BACKGROUND
In the hydrocarbon recovery industry, sealing structures such as packers have long been used for various sealing duties. While the ultimate purpose of sealing is the same, there have been many different kinds of structures used. Indeed, entire development arms have built up over the years for different types of packers/seals. These structures may be mechanical, inflatable, etc. While all of the currently available packers/seals have an environment in which they function well, the industry as a whole continues to evolve and produce new environments in which such devices are meant to function. This often exposes a need for new technology to ensure reliable service for an acceptably long period of time.
SUMMARY
A seal includes a mandrel; an element disposed radially adjacent the mandrel; a chamber defined between the mandrel and the element; and a pressure regulator in fluid communication with the chamber, the regulator configured to resist fluid flow to a selected threshold pressure related to element expansion.
A method for setting a seal with particulate matter includes pressurizing the seal with a particulate laden fluid; expanding the seal to an intended final set of dimensions; flowing the fluid; and depositing the particulate in the seal.

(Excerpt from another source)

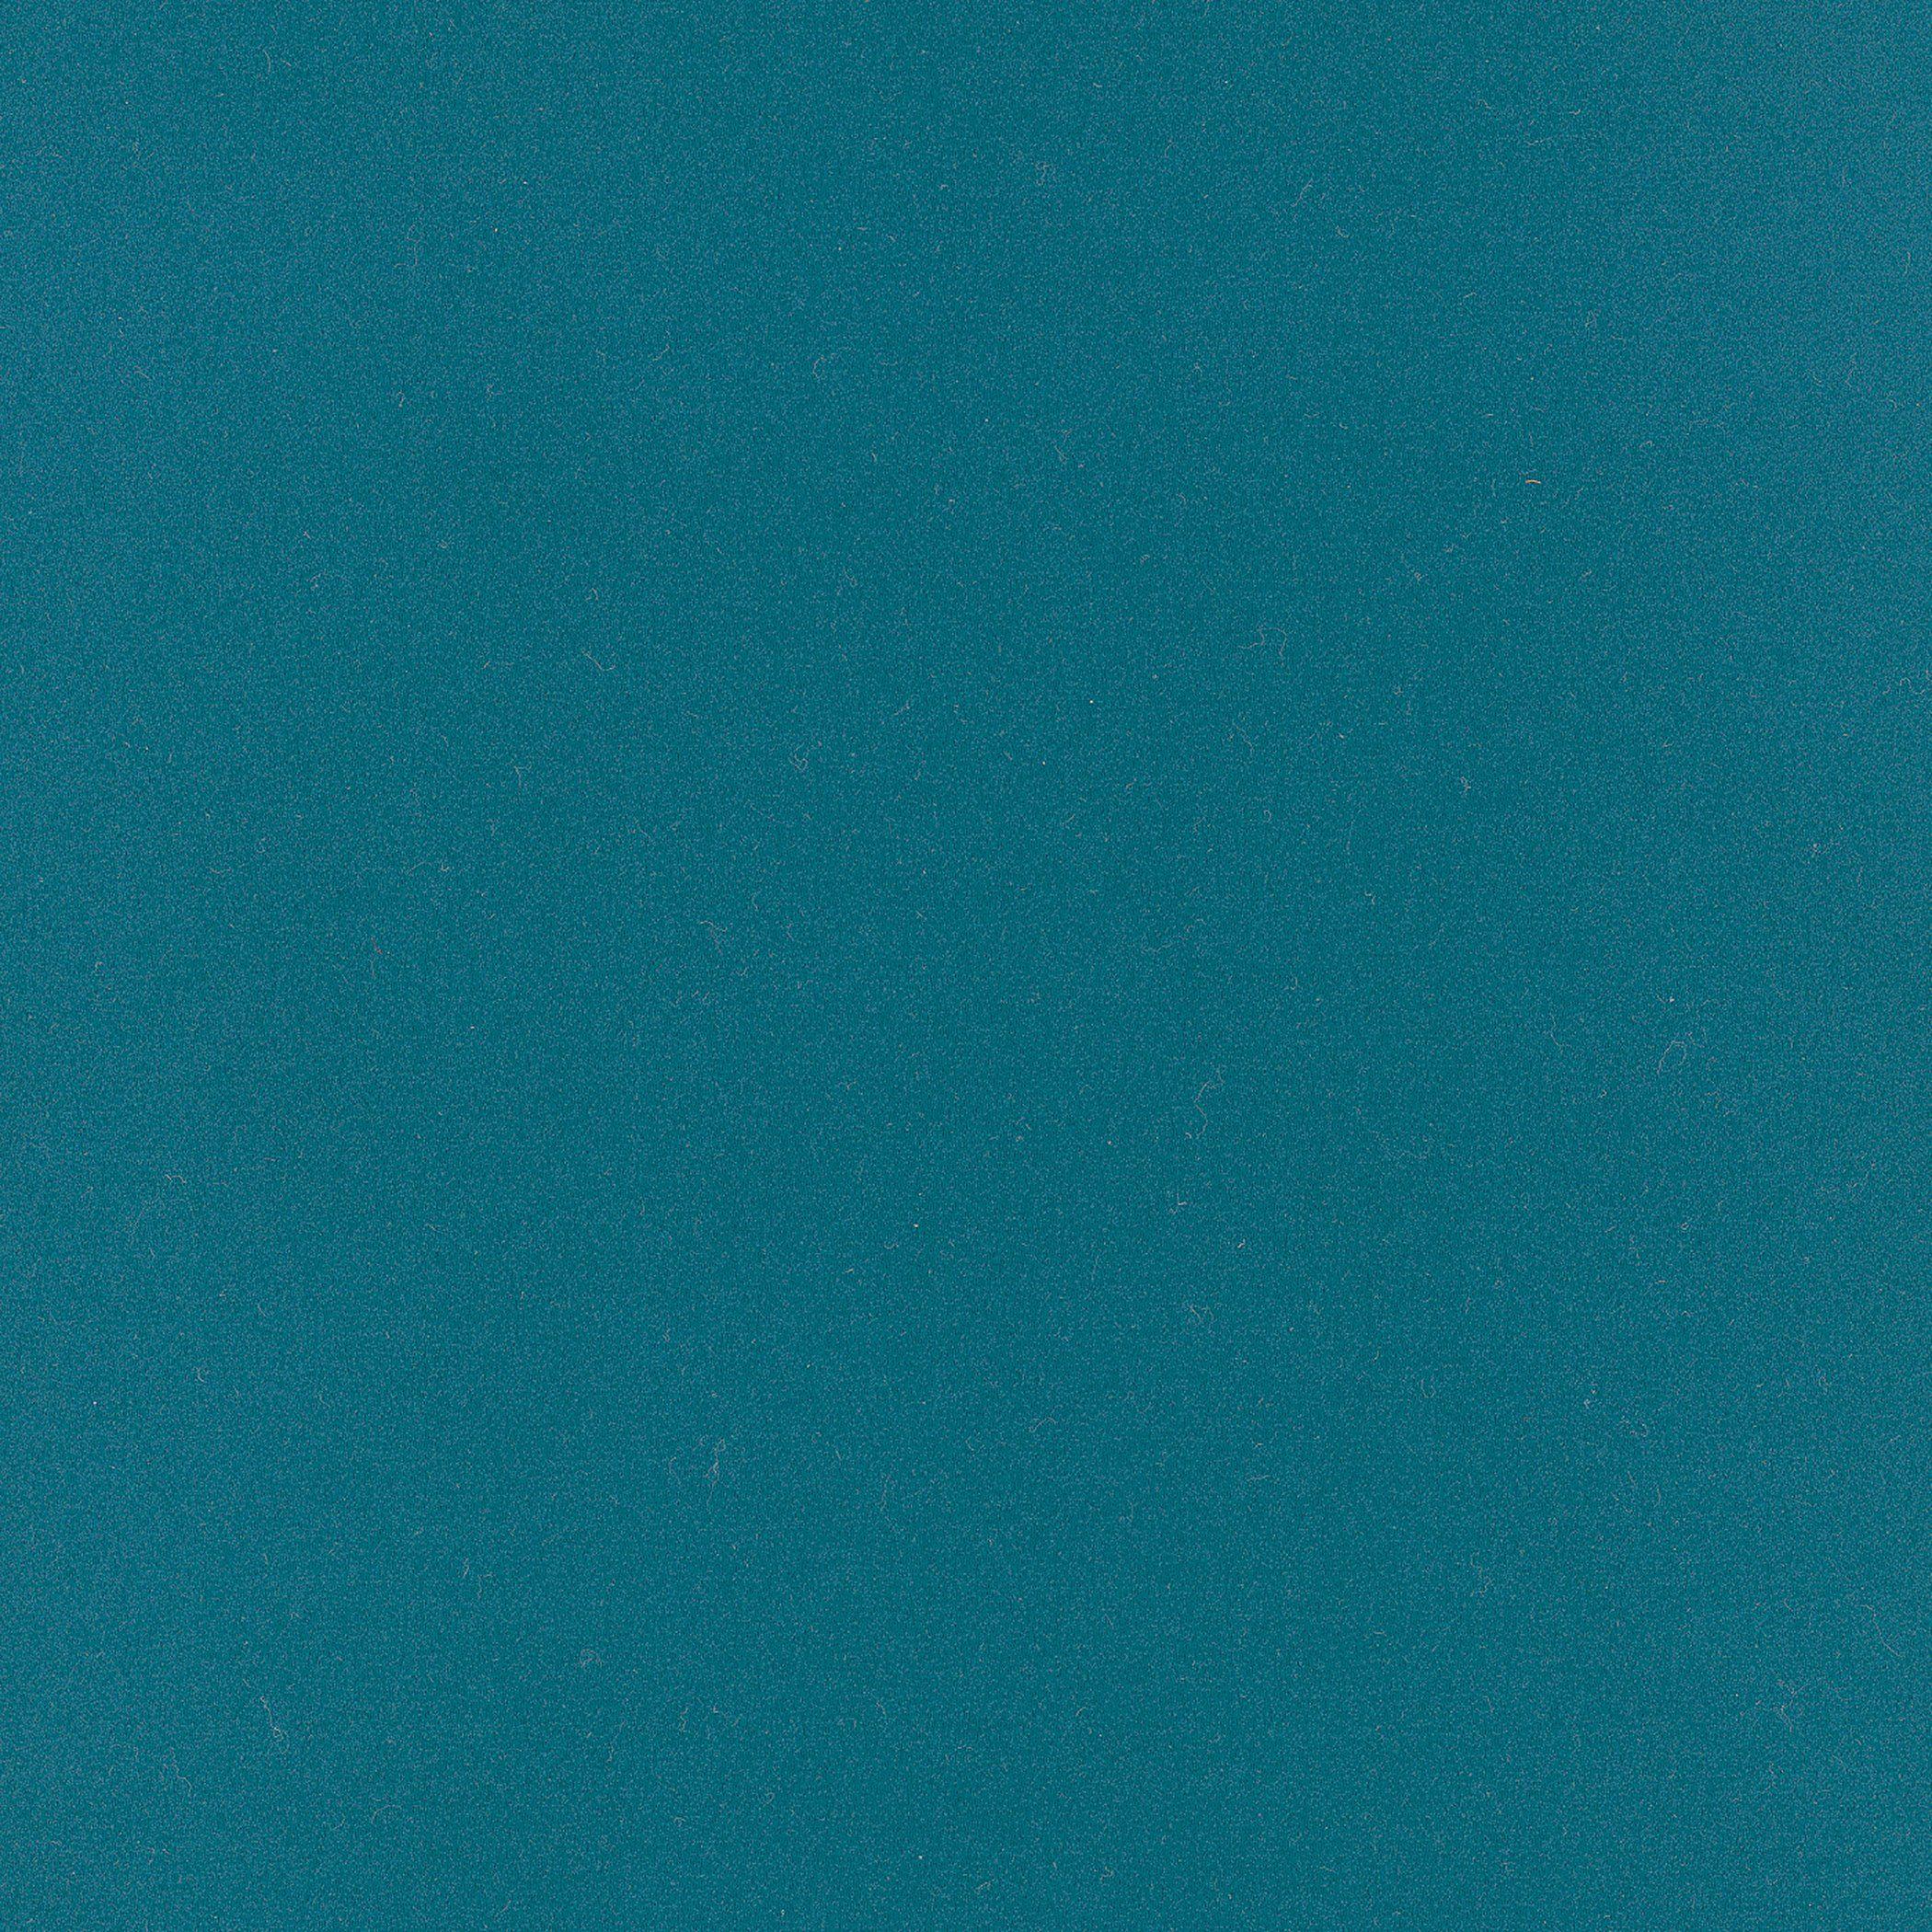 Sateen Aqua Blue Aqua Sky Solid Woven Flat Upholstery Fabric

BRIEF DESCRIPTION OF DRAWINGS
Referring now to the drawings wherein like elements are numbered alike in the several Figures:
FIG. 1 is a schematic view of a packer as disclosed herein during an expansion phase of the filling process; and
FIG. 2 is the device of FIG. 1 during a packing phase of the filling process.
DETAILED DESCRIPTION
Referring to FIG. 1, a particulate filled seal 10 is illustrated in an expansion phase a filling process. The seal 10 is illustrated in position within another structure 12 with which a seal is to be affected. One such structure 12 is a casing tubular in a hydrocarbon wellbore. The seal 10 comprises a mandrel 14 and a substantially fluid impermeable element 16 disposed radially spaced from the mandrel 14. A chamber 18 defined between the element 16 and the mandrel 14 is configured to accept a fluid 20 and to regulate the exit of that fluid. The regulated exit is a pressure regulator 22. The pressure regulator 22 may be configured in many different types of commercially available regulators. A biased flapper valve is one example while other examples include: a rupture disk, adjustable spring check valve, pilot operated relief valve, etc. Whatever regulator is selected its purpose is to hold pressure until a threshold pressure is reached by fluid 20 within the chamber 18. Holding pressure until the threshold pressure causes the element 16 to respond to the full applied pressure of the fluid in order to ensure that the element is expanded fully against the structure 12 (or simply expanded to an intended final set of dimensions) prior to the filling of the element 16 with particulate matter. While grain-to-grain contact of the particulate matter in the element 16 will make the element solidly inflated, the contact pressure against the structure 12 is in some cases less than adequate when simply relying on grain loaded particles to effect the expansion the element 16. As disclosed herein, then, the expansion is ensured using the fluid pressure rather than solely the grain contact.
Still referring to FIG. 1, it is desirable to provide a screen 24 sufficient to prevent any particulate 26 from escaping from the chamber 18. The screen is placed just upstream of the regulator 22 in one embodiment, as illustrated, though it is to be understood that the regulator need only be downstream of the element 16 to provide its specific purpose of expansion of the element 16. If the regulator 22 is placed upstream of the screen 24, consideration of the particulate matter 26 interaction with the regulator 22 must be given. If the regulator 22 is positioned downstream of the screen as illustrated, the regulator need be less robust as the particulate 26 is screened out of the fluid 20 before fluid 20 reaches the regulator 22. In one embodiment, the regulator 22 is also configured to close after the filling operation is complete but it is to be understood that such is not necessary since once the particulate 26 fills the chamber 18 a check valve 28 closes preventing the particulate matter 26 from migrating out of the element 16 in the direction from which it was introduced thereto and the screen 24 prevents that particulate from exiting the element at the downstream end. In the event that a fluid leak path through the seal 10 is a concern, then a closeable regulator 22 will be desirable to prevent fluid from migrating through the particulate matter in an upstream direction relative to the original direction of filling.
While any type of particulate material is possible for use with the seal and method of this invention, it is noted that in one particular embodiment, a resilient particulate material is selected. Such a resilient particulate material may comprise an elastomeric material, such as nitrile rubber, fluoroelastomer, etc. Resilient material utilized as the particulate 26 or at least as a component of the particulate 26 provides a rebound force to the seal 10 that is useful to allow the seal to remain sealed during pressure reversals. Resilience significantly enhances reliability of the seal 10.
While preferred embodiments have been shown and described, modifications and substitutions may be made thereto without departing from the spirit and scope of the invention. Accordingly, it is to be understood that the present invention has been described by way of illustrations and not limitation.
Patent Application
20090173499